Ground lichens gain biomass slowly as growth is restricted to times when they are wet, and their dispersal ability is poor, as they mainly depend on fragmentation (Nash 2008). Lichens require light, a suitable combination of water and temperature and a balance of nutrients to grow effectively (Gaio-Oliveira et al. 2006). At the level of bottom-layer vegetation, they mainly compete against mosses and vascular plants, and have a competitive advantage on dry soils as they source nutrients from moisture and elements in the air (Horstkotte and Moen 2019). At local scales of forest structure, dense canopies create light-limiting conditions, and therefore, open-canopy forests better support lichen recovery and dominance (Jonsson Čabrajič et al. 2010; Jonsson et al. 2021). Therefore, so-called pine-heaths (coniferous forests on dry soil dominated by Scots pine) tend to be most conducive to ground lichen dominance (see Horstkotte and Moen 2019).

Pendulous lichens have similar growth requirements and poor dispersal abilities (Dettki et al. 2000), but also depend on specific substrates to survive (Esseen et al. 1996). At the tree scale, factors such as tree age, branch size and nutrient availability determine growth, while at the stand scale, important factors include stand age, micro-climate and the vertical position of lichens within the canopy (Coxson and Coyle 2003; Sillett and Antoine 2004). Important features in the spatial structure of the landscape that influence colonisation, growth and mortality include forest patch size, distance to forest edge and edge orientation (Esseen 2019). The large surface area to mass ratios of lichens, together with how they filter moisture and elements from the air, make them sensitive to air pollution, and climate change may shift their broad-scale distribution (Esseen et al. 2016). Taken together, community formation depends on forest age and possibly even forest volume (Dettki and Esseen 2003; Jaakkola et al. 2006). These conditions are most commonly found in continuous old-growth (over 100 years) forests (Esseen et al. 1996; Boudreault et al. 2009), although limited amounts can be found in stands older than 60 years (Horstkotte et al. 2011).

Disturbances that cause biomass removal/destruction (e.g. forest fires and forestry) alter habitat structure and functions, with different impacts on lichen communities. At the ground vegetation level, mosses and vascular plants can outcompete ground lichens during early stages of succession; on the other hand, when dense forest stands dominated by competitors are subject to disturbances there can be opportunities for ground lichens to colonise (Horstkotte and Moen 2019). It is possible that, prior to the 1900s, Sámi pastoralists used forest fires to remove mosses and vascular plants to promote lichens (Hörnberg et al. 2018; Cogos et al. 2019). As pendulous lichens require trees to exist, they disappear after disturbances, but established communities can colonise neighbouring stands that have recently been subject to disturbance (Dettki et al. 2000), limited by distance from the edge of mature trees (Stevenson 1990).

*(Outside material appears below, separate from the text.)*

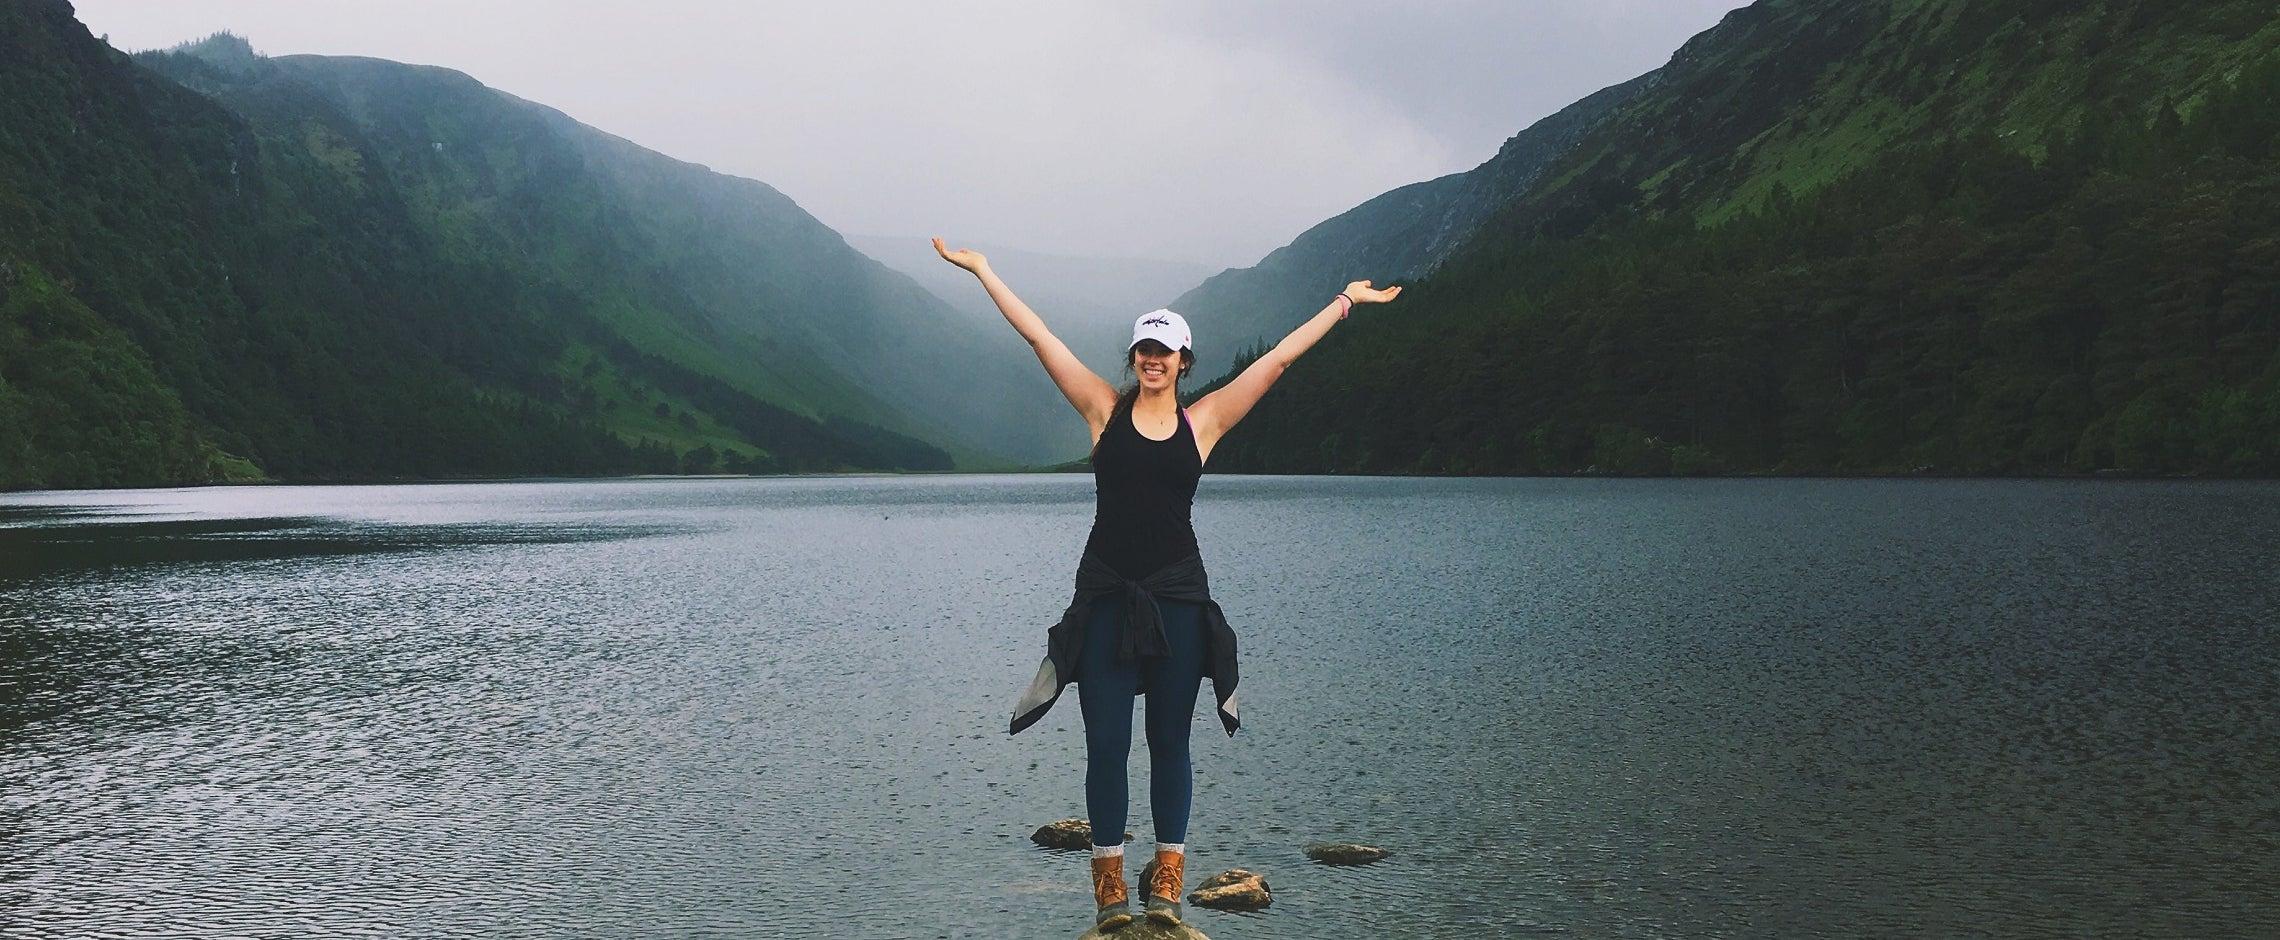 Student in Ireland

Lichens over time and space

Ground lichen abundance and distribution over time has been examined at the macro level with data from the Swedish National Forestry Inventory at sample plots within RHCs (Sandström et al. 2016; Horstkotte and Moen 2019). Sandström et al. (2016) concluded that lichen ground cover in productive forest land had significantly decreased between the 1950s and the 2010s. Notably, there was a significant reduction of plots with over 50% lichen ground cover (a fall from 13 to 3.7%) (ibid.). Hortskotte and Moen (2019) concluded a loss of plots with over 25% lichen ground cover between the 1980s and the 2010s (a fall from 70 to 45%). Studies at spatial scales relevant to individual RHCs report similar loss trajectories (see Berg et al. 2008). The data used in these studies, however, do not include lichen height, which could provide better estimates of lichen biomass (Uboni et al. 2019).

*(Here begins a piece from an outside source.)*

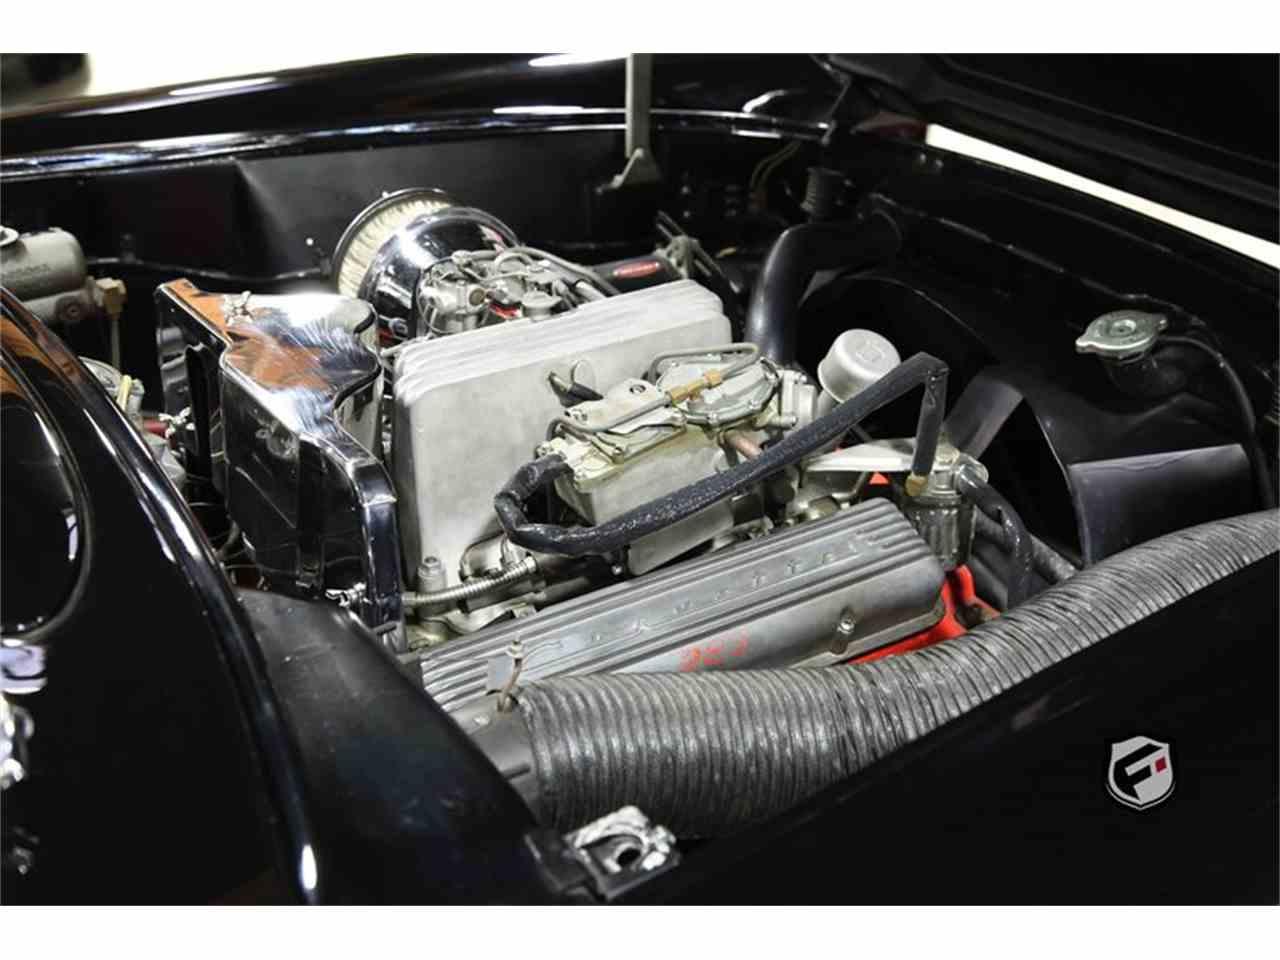 Large Picture of Classic 1957 Corvette located in California - $99,900.00 - MBTJ

Pendulous lichens are difficult to collect data on and studies use proxies or models to estimate changes in abundance and distribution. In particular, stand age is often used as a proxy to assess pendulous lichen occurrence (Boudreault et al. 2009). Between 1955 and 2017, in productive forest land across northern Sweden, there have been falls in both forests older than 60 years (from 59 to 36%), and forests older than 100 years (from 28 to 19%) (Swedish National Forestry Inventory 2021a). At the landscape scale, Horstkotte et al. (2011) concluded that forest cover older than 60 years fell from 84 to 34% between 1920 and 2006. Berg et al. (2008) looked at the same landscape, and estimated a decrease in mean stand age from over 200 to 70 years throughout the 1900s. Dettki and Esseen (2003) combined lichen litter sampling and models based on historical forest data; their study identified a reduction in total lichen biomass between 1959 and 1999 (from 12 to 4.6 g/m2) (see also Dettki and Esseen 1998). Areas with high amounts of anthropogenic airborne sulphur and nitrogen emissions may also be associated with lower amounts of pendulous lichens (Esseen et al. 2016).

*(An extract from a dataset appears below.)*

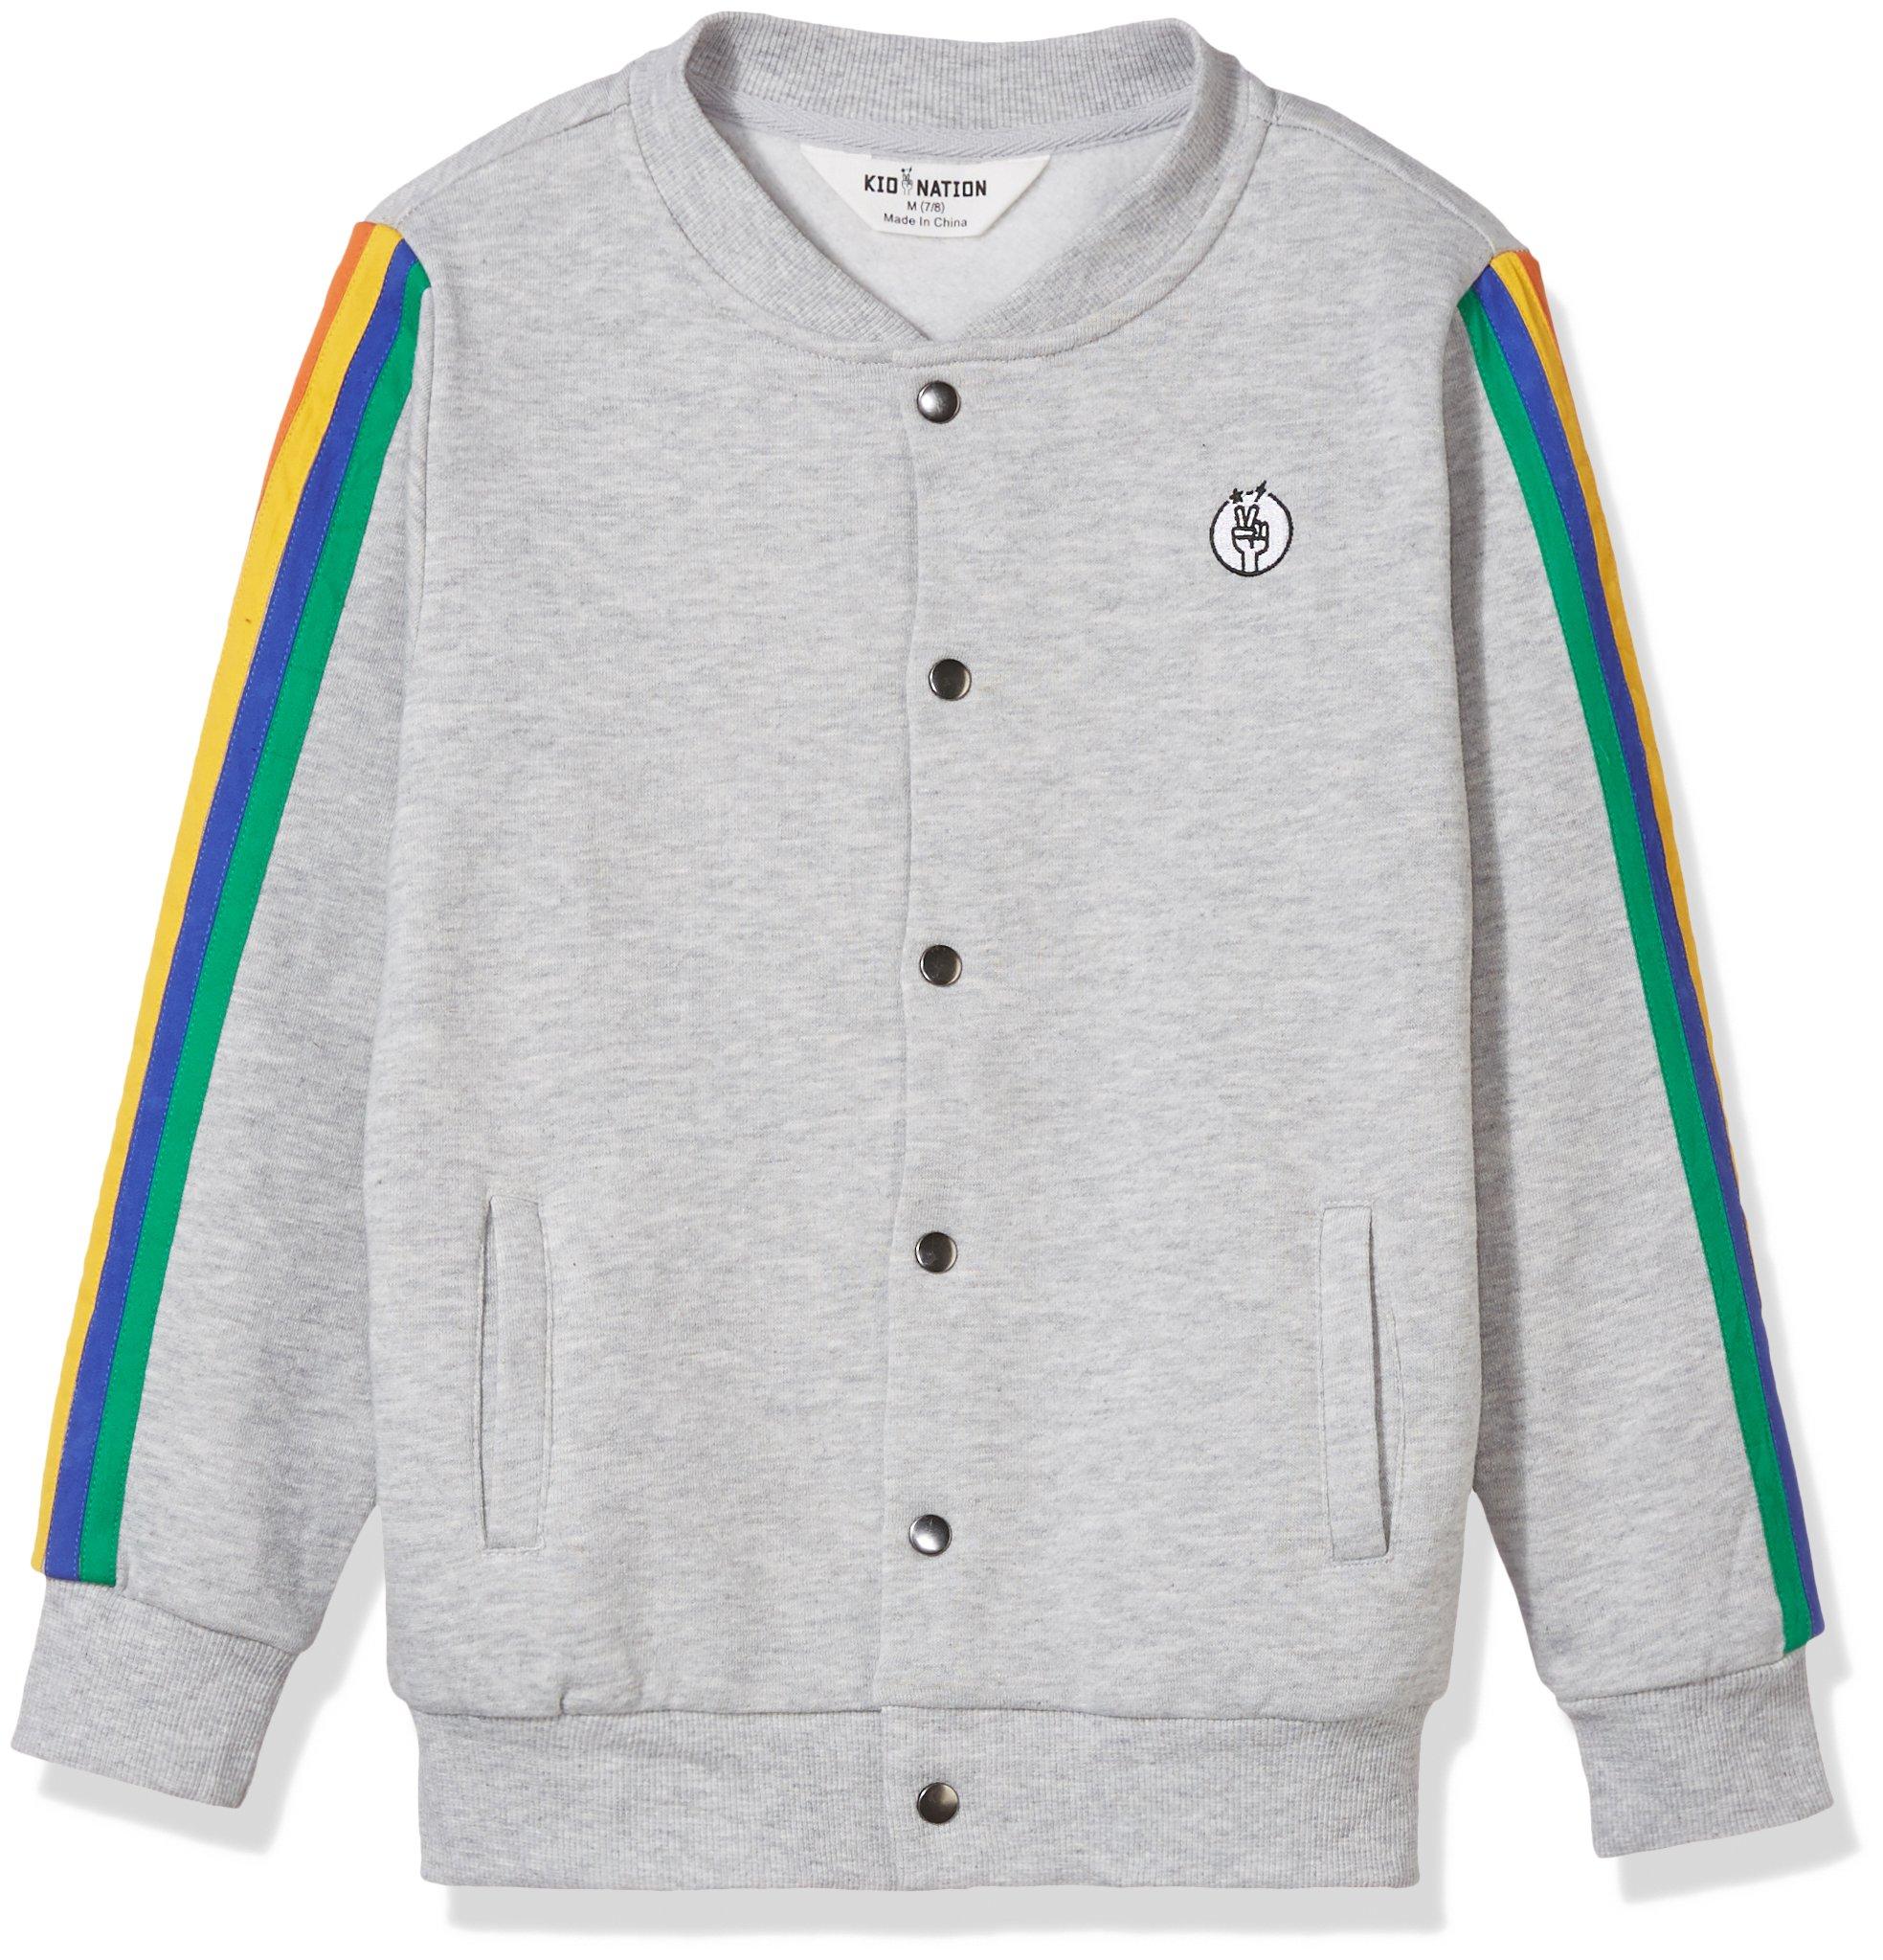 Kid Nation Kids' Fleece Track Jacket for Boys or Girls L Gray

The absolute losses described above are coupled with increased fragmentation of lichen habitats (Kivinen et al. 2010, 2012; Svensson et al. 2019). The regional-scale study reported in Svensson et al. (2019) identified significant losses of intact forest patches; in the inland zones, the fall was from 75 to 38%, between 1973 and 2014. The landscape-scale study reported in Kivinen et al. (2012) found decreased patch sizes and increased isolation of old-growth forests stands, coinciding with the increased dominance of young forests. This type of fragmentation reduces source habitats for pendulous lichens that can colonise neighbouring stands, with negative impacts on persistence due to the limited dispersal abilities of lichens (see Dettki et al. 2000).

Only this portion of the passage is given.